In this exclusive interview, serious journalist and actor Rebel Wilson, star of the wedding-from-hell comedy Bachelorette and the a cappella musical Pitch Perfect,“gets down” with british street rapper Rebelicious.
MS. WILSON: Hello. Is it alright if I sit here?
REBELICIOUS: Whatever. It might be a bit damp—my cousin was sitting there this morning and she is a full-on slag.
I’ll just—um, okay—I’ll just stand. [Standing awkwardly.] burns more calories!
Yeah, well, make this quick, chunky. I’ve got nunchaku practice at half three.
Wow! You’re learning nunchaku?
Yes, I am, because I’m hard. [Gives a hard look.] I’m so hard I’m like an algebra equation. X plus 4 equals… me! Respect.
Cool math reference. I didn’t expect someone like you to drop an analogy like that.
Whot? Are you calling me thick? Coz the only thing thick about me is my thighs. And maybe my upper arms.
I didn’t mean to insult you. Please put down the Gatorade bottle.
I could use this as a shank, you know! It would take me ’bout 45 minutes to fandangle it with a biro but I could make that shit happen. These are the types of skills I learned in detention.

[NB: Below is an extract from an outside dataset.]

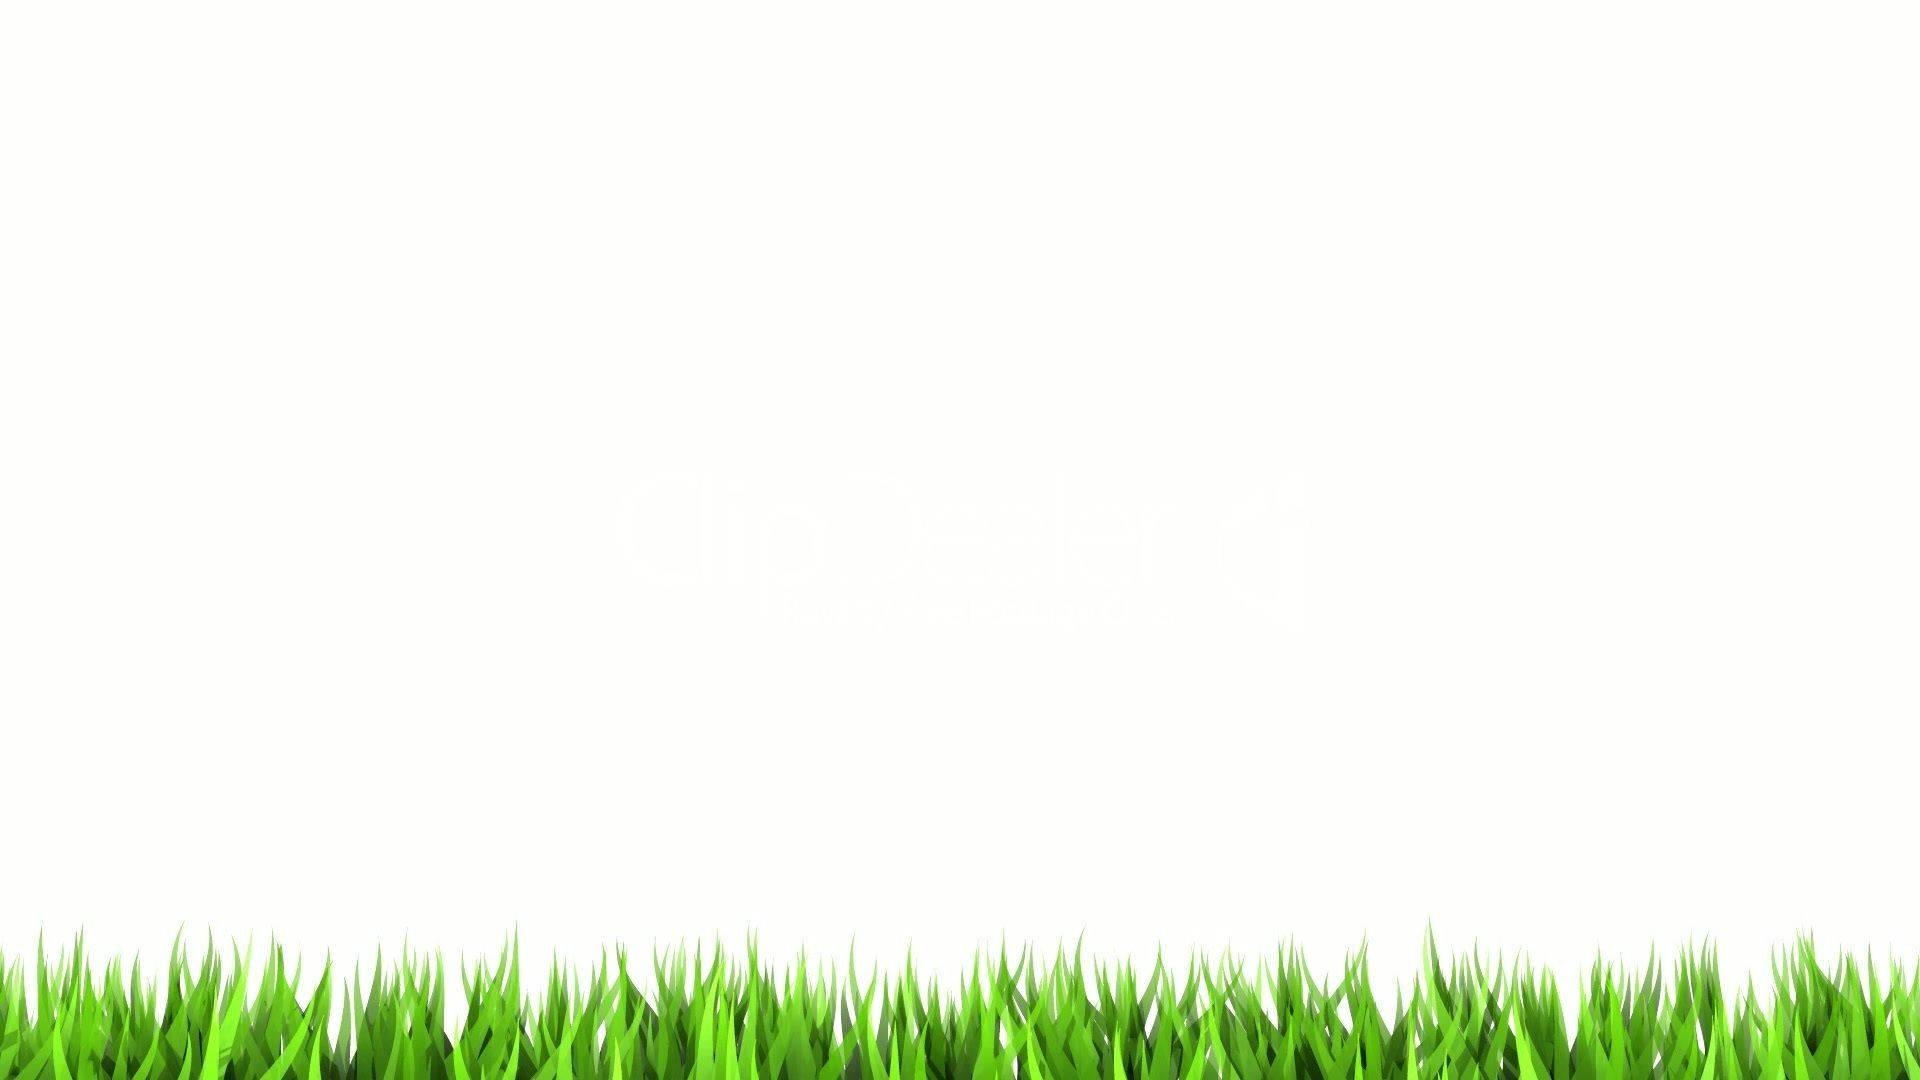 Blank White With Grass Background

No, like detention, like at school. I’d always get so busted for doing mad gangsta stuff like walking on the grass and wearing non-uniform Adidas tracksuits. I was also suspended once for drinking at the school disco.
No, whoa-man! I drank outta the holy water fountain and got well busted by the nuns. But I’m like, Whateva, Sista—live fast, do it well, three-point score, mo-fo! Do you know what I mean?
No, not really. let’s talk about your new album, Pubes.
What was the inspiration?
[Somewhat pointing at vag.] Pubes.
Right, so actual pubic hair? It’s a literal title?
As literal as this punch. [Mimes punching the nearby lamp.] I like to get attention with all my titles.
Wait, but isn’t this your first album?
Yes. But I’ve had others… in my mind.
Would you agree that the phrase “random and blatantly attention- seeking” accurately summarizes your career to date?
Well, if you is referring to the facts—that I’ve ’ad an entourage of midgets, worn a dress made completely out of blue cheese, and got my hair stuck in a go- kart… voluntarily—then, yes, I guess you’d be fully correct. Oh, and yeah, one time I pretended to be Pakistani. I like attention, that’s why I’m rapping and not, like, working in an office being boring and speaking proper-like and wearing un-elasticized pants like you.
I’m not boring.
Ha! Look at you, all interviewing, sitting still and like, you know, wearing a shirt with sleeves.
Well actually, Rebelicious, I’m not a real interviewer.
But you’re writing things down, innit? You have a Dick-ta-phone and everything!
I’m actually the actress Rebel Wilson.
Whot? Never heard of the bitch.
I’m currently researching for a new movie about an interviewer who goes undercover in the rap world only to discover that she herself might have what it takes to be a rap artist even though she’s white and her parents are preachers and her only friend in the world, a cat called Tishy, contracts feline AIDs. Costarring Channing Tatum.
Whoa! Okay then. Respect!
You’re, like, a massive poser but at least you got ass. I might have made up a few things me-self… but, seriously, in all seriousness [she moves close up to the Dictaphone], my cousin is definitely, like, a 100 percent, full-on slag.